Untuk guru SMP mereka akan mengikuti PLPG di Unsil Tasikmalaya dan UPI Bandung. Guru SMA di UPI Bandung dan Unsil Tasikmalaya, guru SMK  juga di UPI Bandung dan Unsil Tasikmalaya, sedangkan guru SLB di UPI Bandung. 
Kepala BPSDMP-PMP kemendikbud Syawal Gultom, mengatakan sekitar awal Juni 2012 PLPG dimulai, namun justru sejak pertengahan Mei 2012, sudah ada beberapa Rayon yang memulai PLPG.
Rayon 111 Universitas Negeri Yogyakarta misalnya memulai PLPG gelombang I pada tanggal 19-28 Mei 2012 dan gelombang 2 pada tanggal  30 Mei – 8 Juni 2012. Gelombang 3 direncanakan tanggal 11 – 20 Juni 2012. Gelombang 4 tanggal 22 Juni- 1 Juli, gelombang 5 tanggal 3-12 Juli, gelombang 6 tanggal 14-23 Juli, gelombang 7 tanggal  25 Juli- 3 Agustus dan gelombang 8 tanggal 6-15 agustus 2012.
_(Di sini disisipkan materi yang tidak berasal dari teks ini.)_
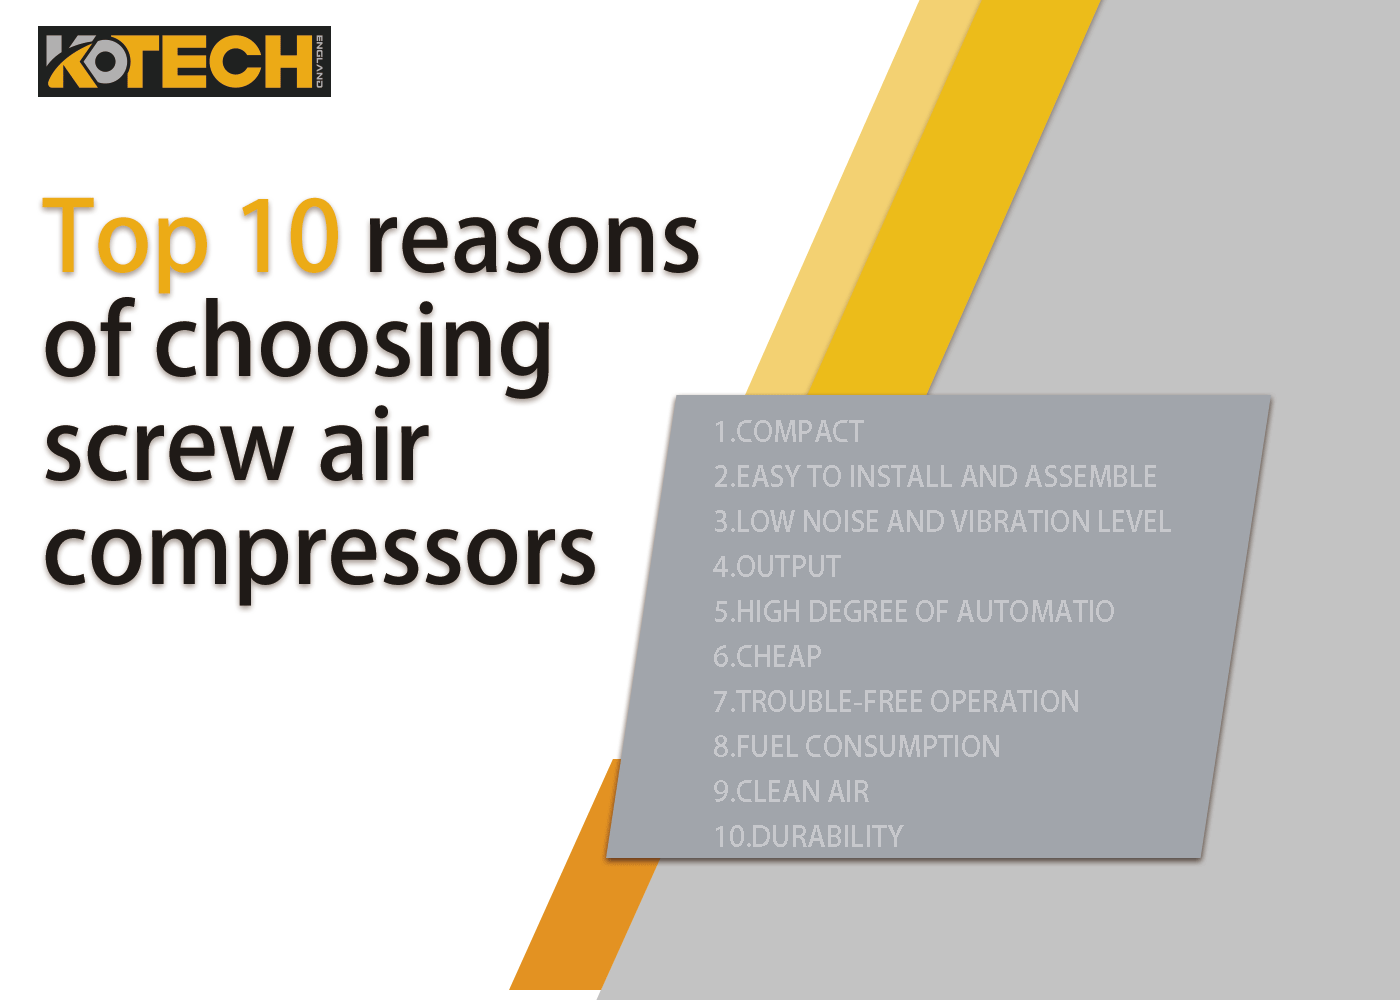 Top 10 reasons of choosing screw air compressors

Jadwal PLPG di rayon 111 UNY gelombang 1-2, pesertanya baru guru-guru di wilayah provinsi Yogyakarta. Meski jadwal tersebut sudah ada, untuk kabupaten Ciamis belum ditentukan akan masuk pada gelombang yang mana. Itu sebabnya banyak guru penasaran. 
Anikah Soraya, · Guru Kelas di SLB Sindangsari misalnya mempertanyakan hadwal pasti kapan guru Ciamis mengikuti PLPG di rayon UNY. Guru lain juga sama.
“Saya mohon dengan sangat, jadwal PLPG untuk Kab. Ciamis segera ditayangkan, biar jelas,” kata guru lainnya, Hamim Mulyana. 
Tbagus SN asal Rancah, juga mempertanyakan jadwal PLPG guru Ciamis. “Kapan ya?” tanyanya.  
Hingga laporan ini diturunkan, dari Rayon UPI Bandung juga belum ada informasi khusus terkait Jadwal PLPG. Untuk Rayon 136 Unsil juga demikian. 
Menanggapi banyaknya pertanyaan jadwal PLPG, Disidik Kabupaten Ciamis, juga belum memberikan keterangan resmi. Kepala Sub Bagian Kepegawaian Dinas Pendidikan Kab Ciamis Drs. U. Sukiman pun mengaku belum menerima jadwal pasti untuk PLPG Kabupaten Ciamis. 
“Kami juga masih menunggu jadwal dari beberapa Perguruan Tinggi, jadi para guru mohon bersabar,” ujarnya.